(REQUIREMENT):
Below this line is a set of entries; quote exactly the lines from the line that contains "Winter, The North" to the line that contains "Hari-jo8-9月限定ク", both lines included.

(PROVIDED DATA):
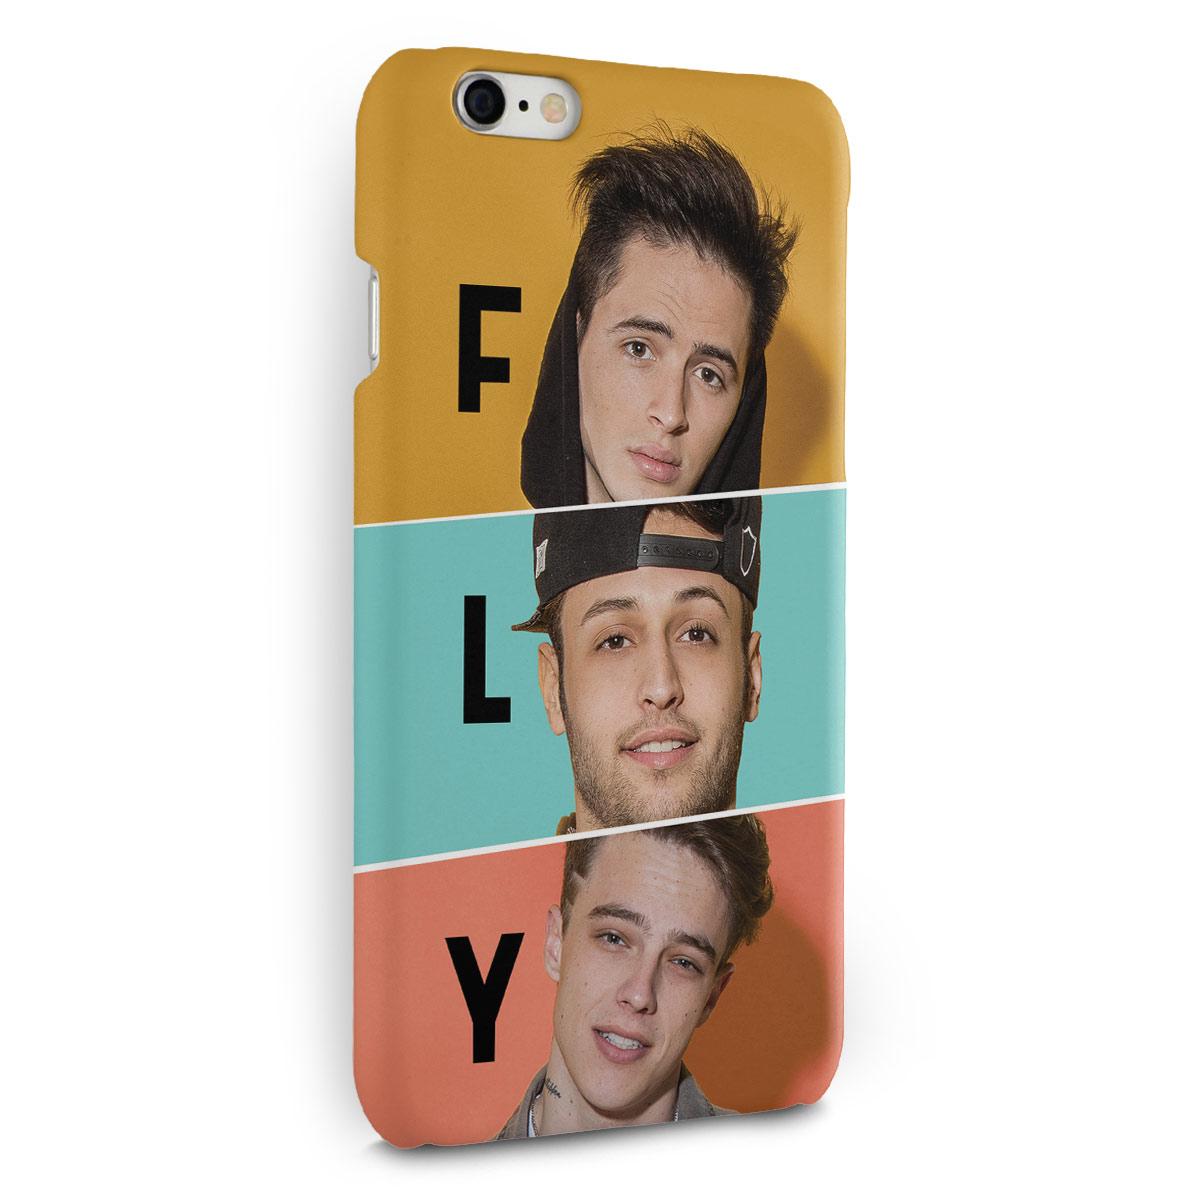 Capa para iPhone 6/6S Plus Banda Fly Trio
--
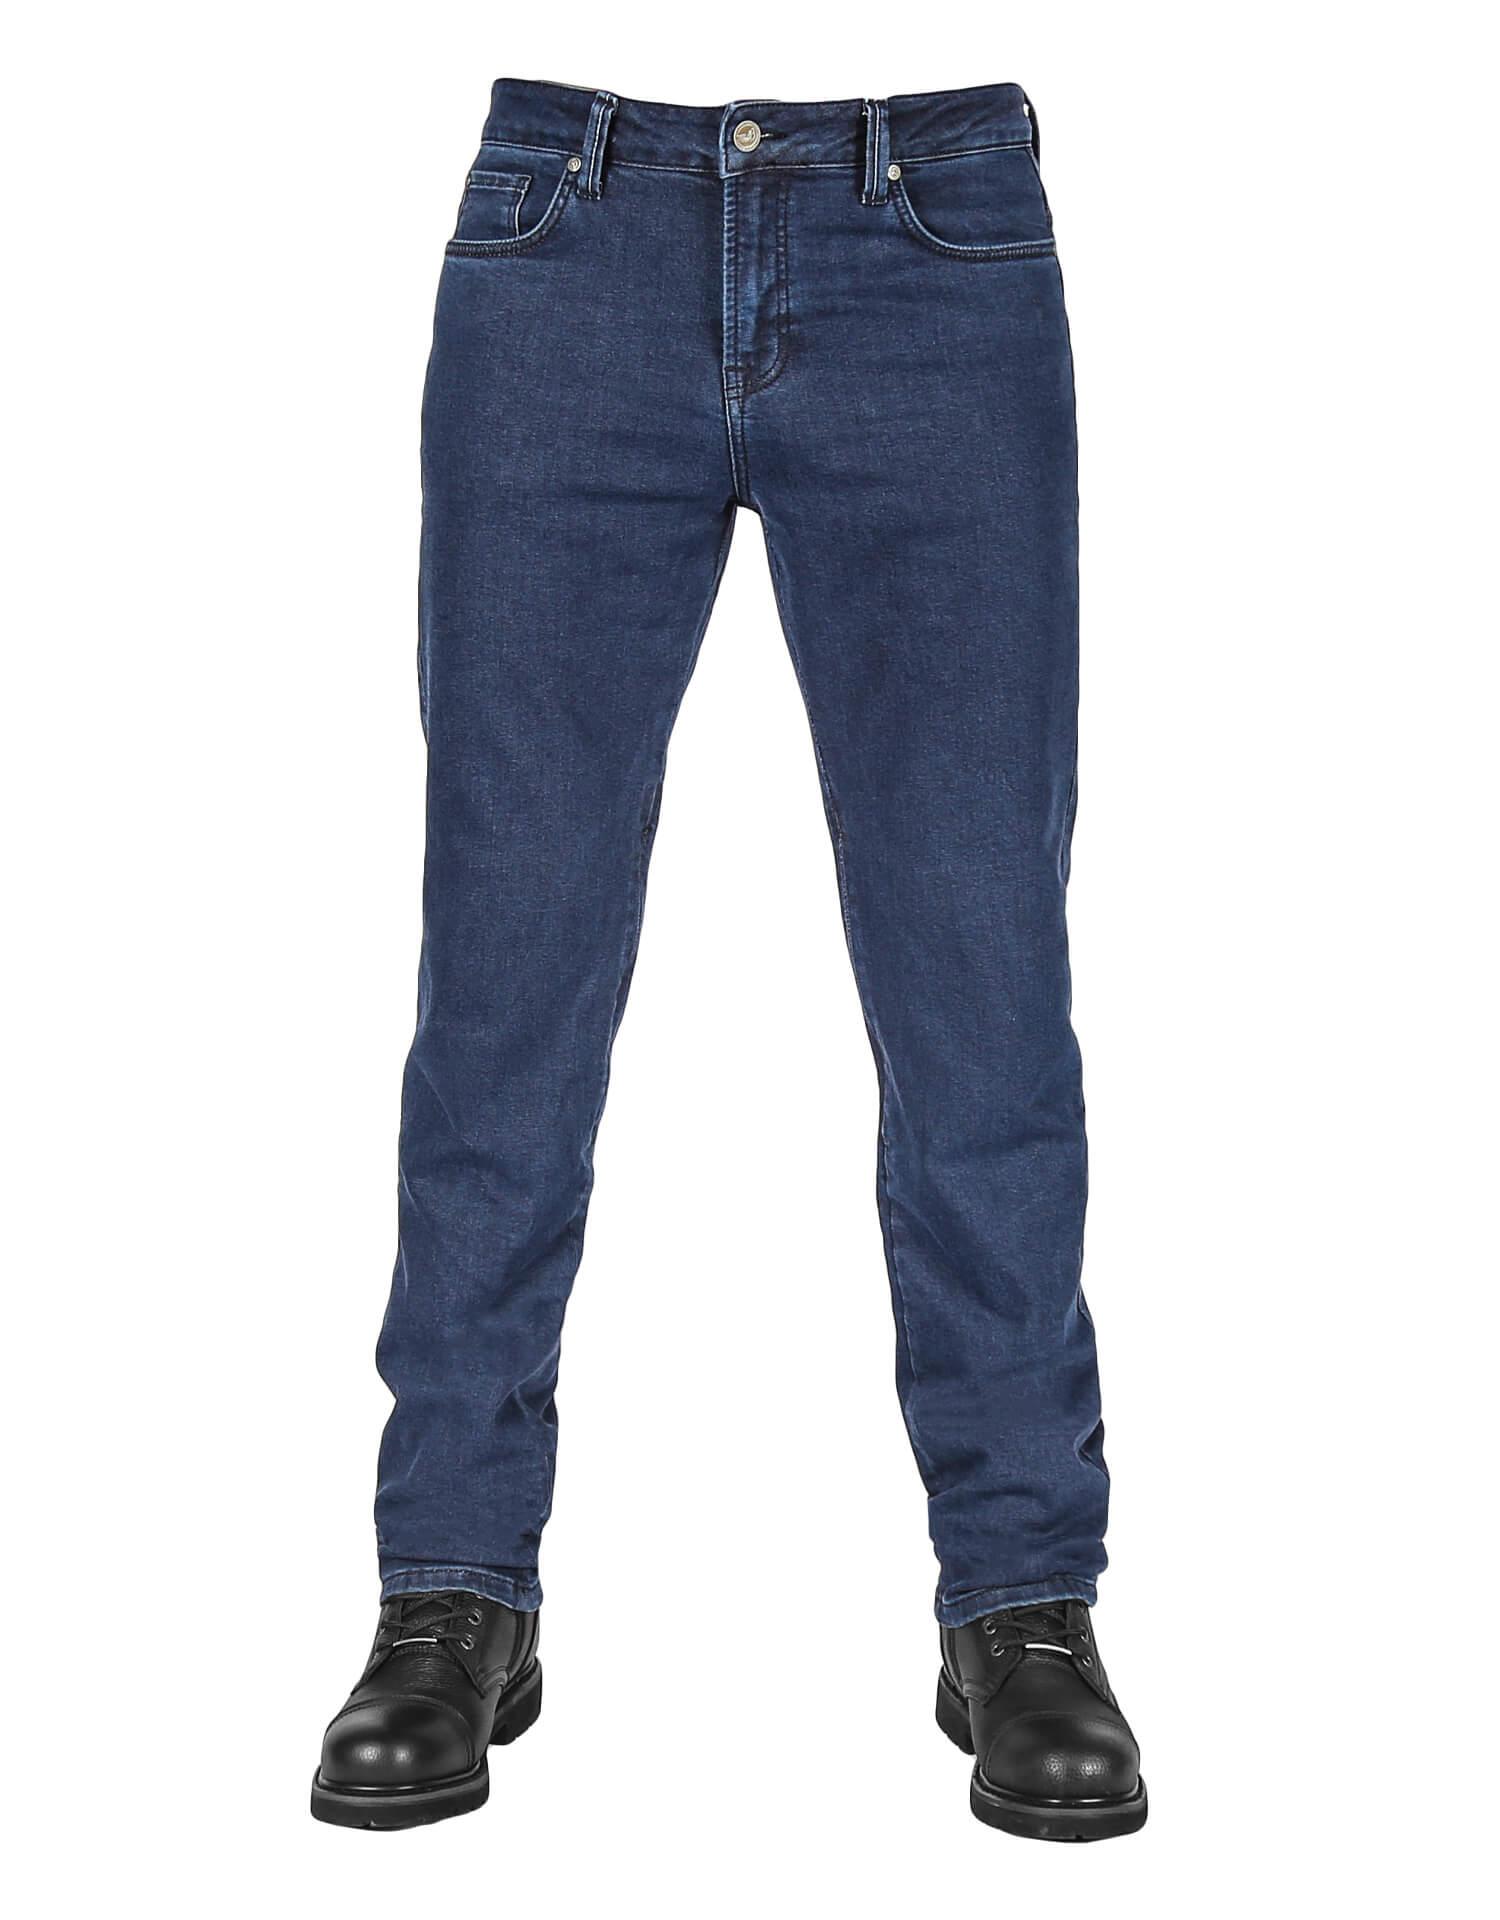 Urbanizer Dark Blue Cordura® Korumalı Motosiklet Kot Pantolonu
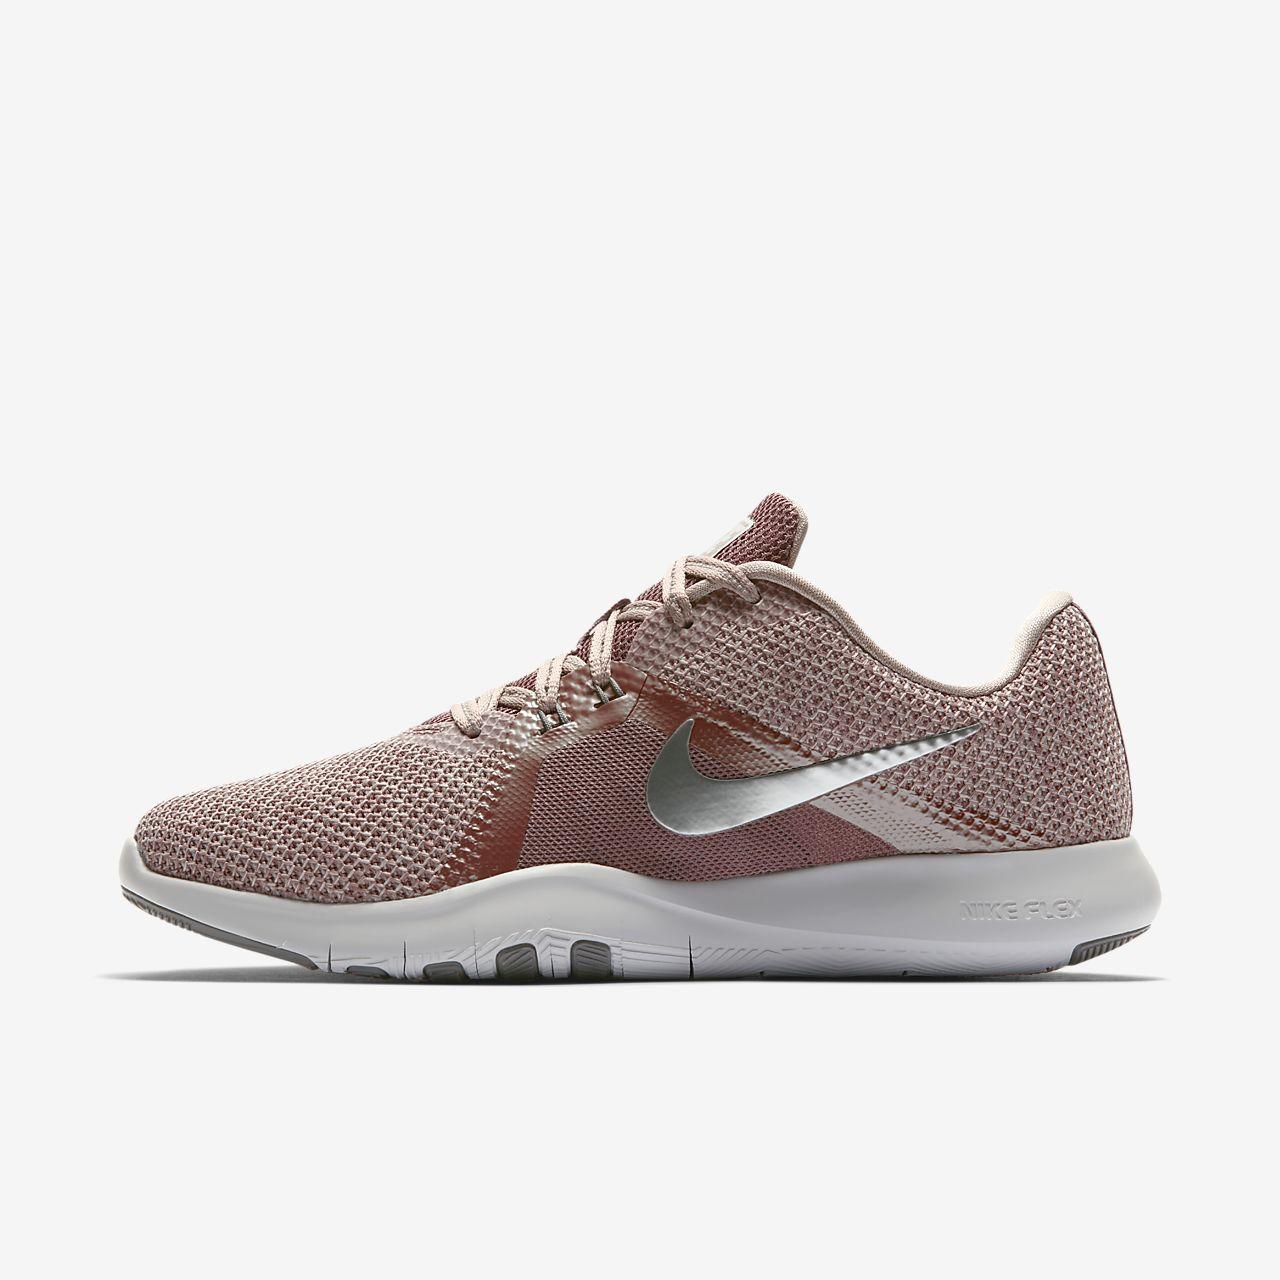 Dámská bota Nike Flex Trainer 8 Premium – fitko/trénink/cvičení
---
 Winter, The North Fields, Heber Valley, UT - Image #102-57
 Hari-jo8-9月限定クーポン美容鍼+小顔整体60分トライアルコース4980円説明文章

(OUTPUT OF THE EXERCISE):
 Winter, The North Fields, Heber Valley, UT - Image #102-57
 Hari-jo8-9月限定クーポン美容鍼+小顔整体60分トライアルコース4980円説明文章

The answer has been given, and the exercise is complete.